Similarly, a newsletter I subscribe to about recent academic research was packed with recent discoveries. Not one of the 35 links in that day’s edition pointed to anything remotely relevant to what was happening at that time in Washington, D.C (or various other state capitals in the country). That was less surprising to me than the collective shrugging off of events by financial markets, but it still made an interesting contrast clear to me.

These two corners of the world are not tied to the happenings of today. Markets look forward and lay economic bets on what will be. And apparently it had bet that the events of January 6 wouldn’t have any lasting impact.

Scientific journals look backward and report on what has already happened in the world of academic research. Neither are very focused on today.

But there is another reason why these two corners of the world seemed unfazed by the news headlines of January 6th. Science and the Markets are two examples of things driven by facts and data. Yes, emotion certainly plays a part. Investors have long known that irrational exuberance or fear can drive artificial bubbles or crashes. And the choice of research paths to take is a human one, which means it’s inevitably driven by emotions.

But both these ecosystems try to systematically reduce the role of emotion as much as possible by relying on facts and data. And because facts and data do not reveal their stories immediately but rather over time in the form of trends, they have to take a longer view of the world.

Therefore, these things operate on different timelines from the news. Financial markets use what’s happening now – today – as just one of many inputs into a calculated bet that will be weeks or months in the future.

Science takes a longer view, using the challenges of today to set a research agenda that may be years away from realizing its pay-off.  Both finance and science use what’s happening right now as one input to determine what will be in the future, but neither focus exclusively on today.

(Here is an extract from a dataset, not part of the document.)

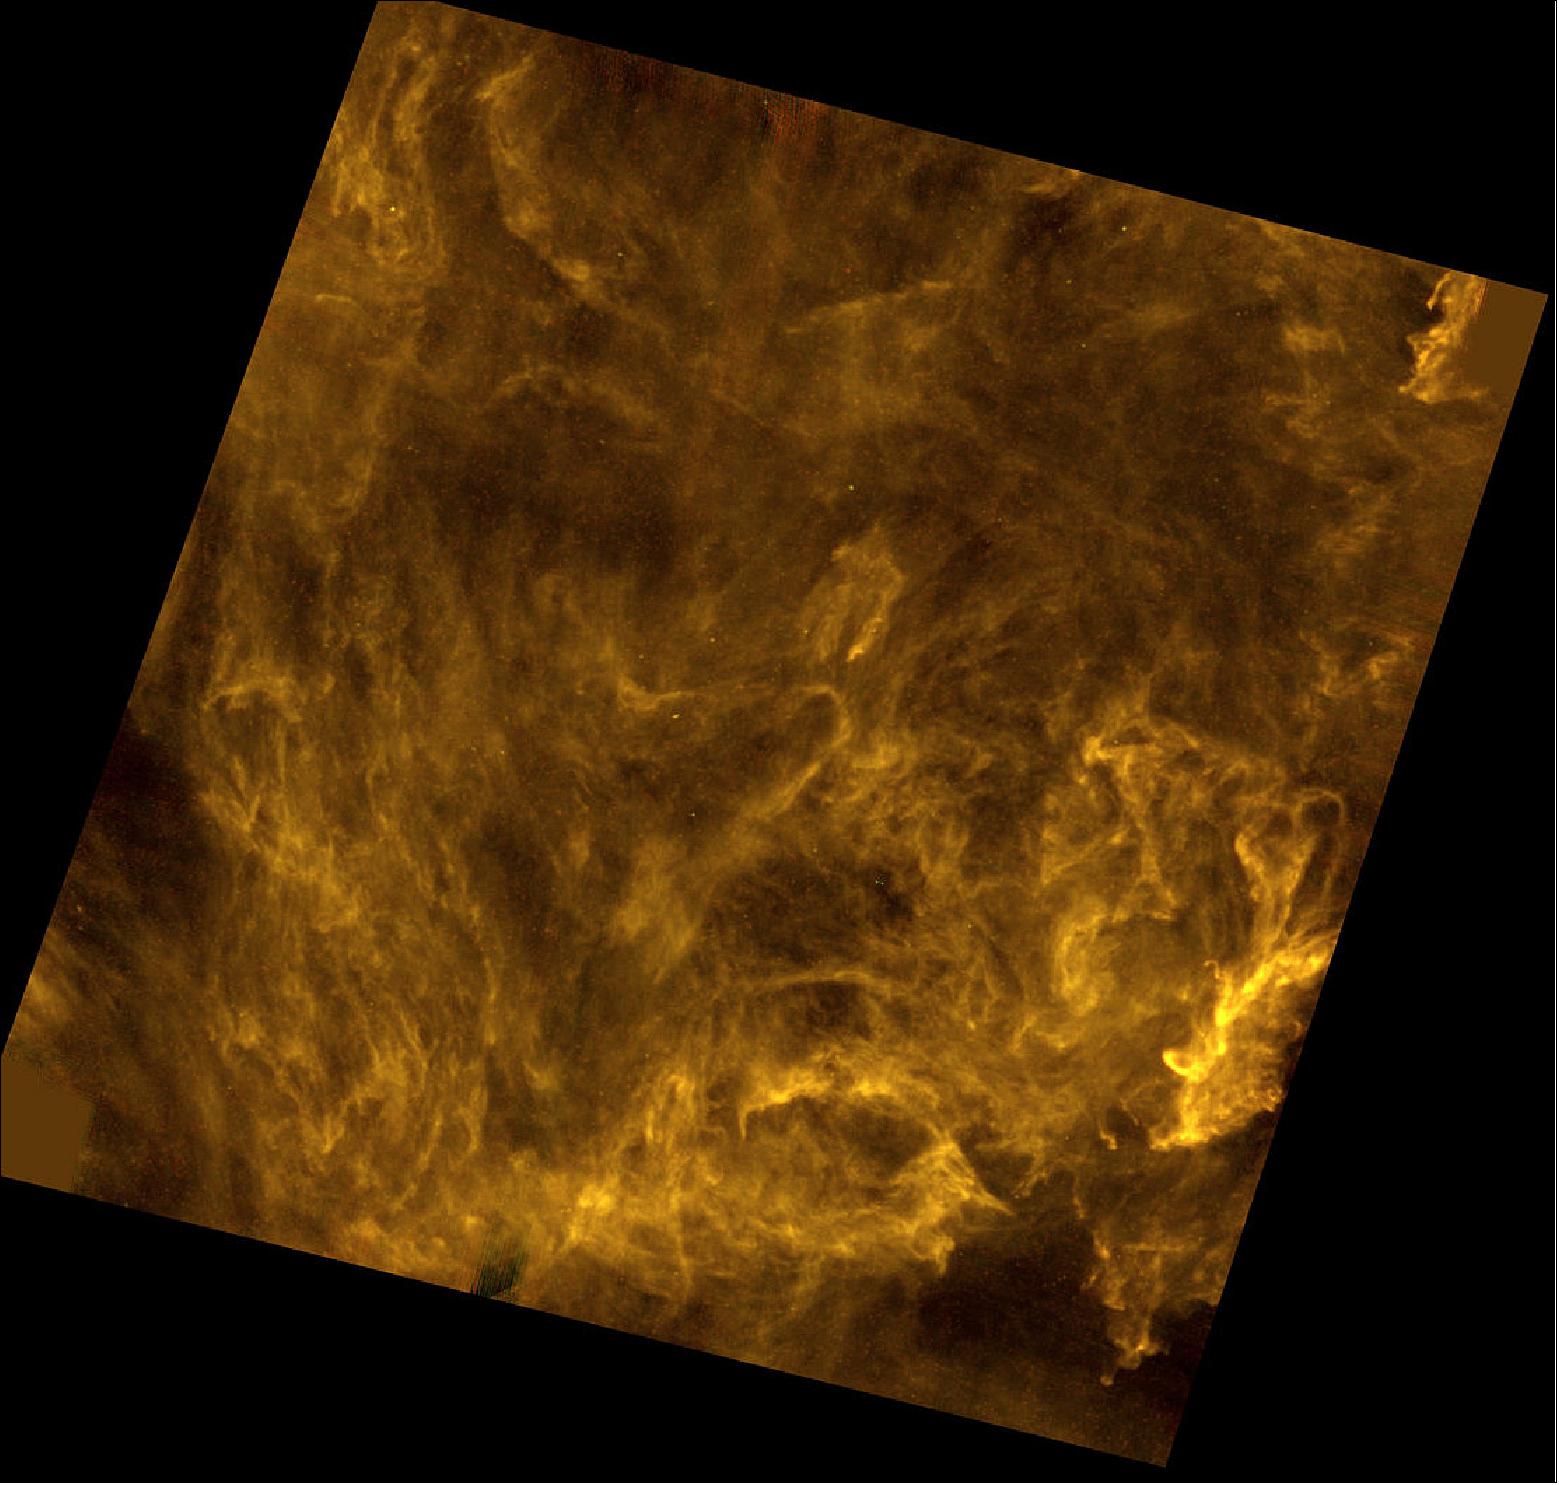 Figure 38: This region is in Polaris, 490 light-years away. It was imaged by ESA’s HSO (Herschel Space Observatory) in 2011; a color composite is presented here (image credit: ESA and the SPIRE & PACS consortia, Ph. André (CEA Saclay) for the Gould’s Belt Survey Key Program Consortium, and A. Abergel (IAS Orsay) for the Evolution of Interstellar Dust Key Program Consortium)

In contrast, that’s exactly what the news has to do. And it hyperbolizes the now, stripping the ordinary from the extraordinary, separating it, picking it out, and concentrating it for our consumption

The fact is, both markets and science have to operate by Factfulness, to use the term coined by the late Hans Rosling, Swedish physician and well known TED speaker. To run like the rest of the world, over-focused on the amplified volatility of the here and now that fills our news feeds, would be to render them dysfunctional. They couldn’t operate. They would be in a constant state of anxiety.

Increasingly, the engines that drive our world  – such as science and financial markets – have to decouple themselves from the froth and frenzy of the immediate. They do so because the rest of the world is following a very different path – one where hyper-emotionality and polarized news outlets whip us back and forth like a rag-doll caught by a Doberman.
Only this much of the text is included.